Parthenogenetic activation (PA) of sheep oocytes was performed according to Hosseini et al. [59] with modification. Ovine oocytes were denuded after 24 h of culturing, and the oocytes with a polar body were then chosen for PA. Oocytes were first exposed to 5 mM ionomycin in HTCM-199 containing 0.1% PVA for 5 min. They were then carefully washed in HTCM-199 containing 0.1% PVA and incubated with 2 mM 6-dimethyl amino purine for 4 h. Oocytes were then washed in modified synthetic oviduct fluid (mSOF) and cultured in group of 20 oocytes in 60 μL droplets of mSOF without serum and glucose for 2 days. These were further treated with 10% fetal serum (10%) and glucose (1.5 mM) for 6 days (sequential mSOF). The cleavage rate was determined on the 2nd day and the blastocyst rate on the 8th day after PA.

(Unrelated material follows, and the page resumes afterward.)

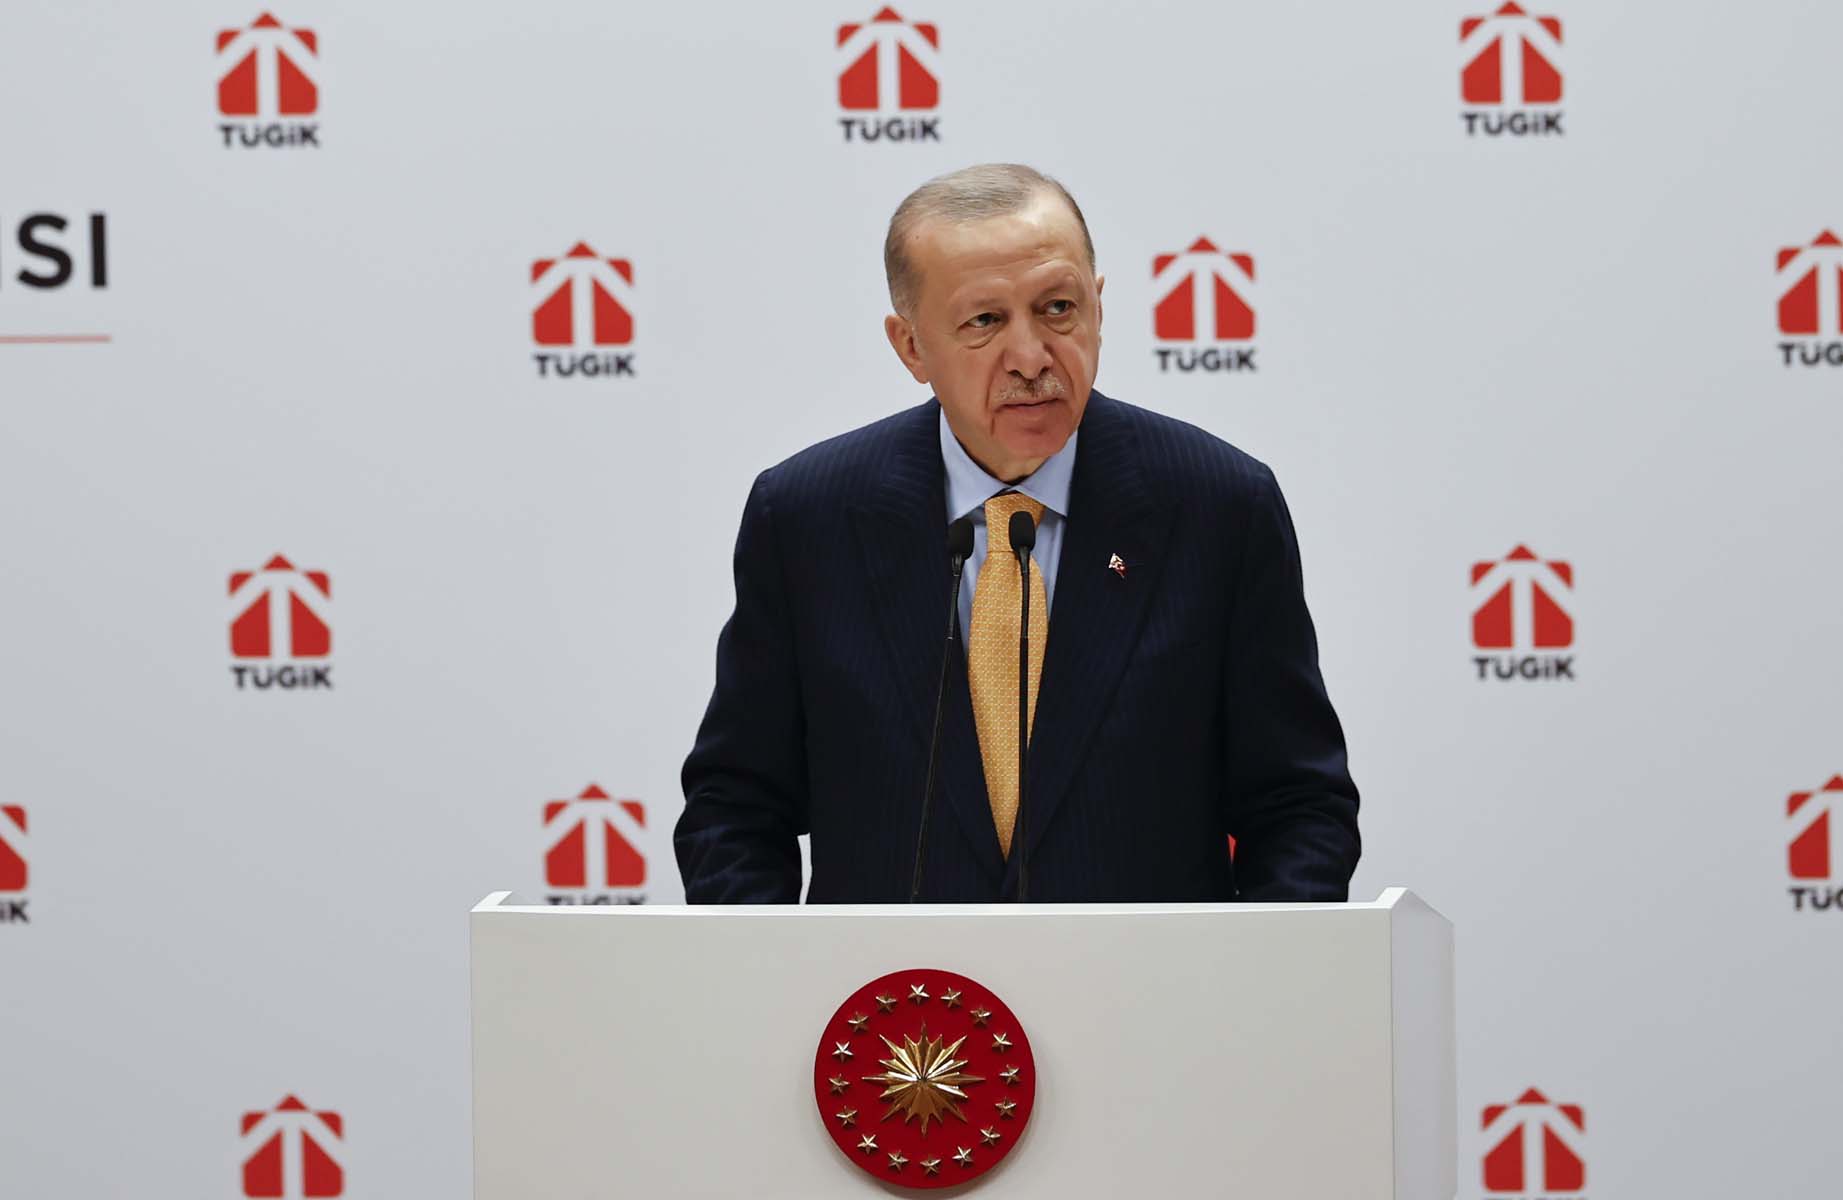 Cumhurbaşkanı Erdoğan, TÜGİK Genel Kurulu'nda konuştu: Yüksek enflasyon sarmalını bertaraf edeceğiz

4.6. Detection of Melatonin Receptors in COCs by Immunofluorescence

COCs were fixed with 4% paraformaldehyde for 45 min, washed thrice in dulbecco's phosphate buffered saline (DPBS) containing 0.1% PVA (10 min per wash), and finally incubated with blocking reagent (DPBS containing 1% BSA) at 4 °C overnight. The blocked oocytes were washed thrice in 0.1% PVA-DPBS (20 min per wash) and incubated with a primary antibody (MT1: SC-13186, 1:200 dilution, Santa Cruz Bio Inc., Santa Cruz, CA, USA; MT2: SC-13177, 1:200 dilution, Santa Cruz Bio Inc., Santa Cruz, CA, USA) at 37 °C for 2 h in the dark, washed thrice in DPBS containing 0.1% PVA (20 min per wash), and then incubated with a secondary antibody (Alexa Fluor 594 Molecular Probes, 1:1000 dilution, Life Technologies, Carlsbad, MA, USA) at 37 °C for 1 h in the dark. Finally, the samples were washed thrice in DPBS containing 0.1% PVA, stained with PI, and examined with confocal laser microscopy (Olympus FV1000, Tokyo, Japan).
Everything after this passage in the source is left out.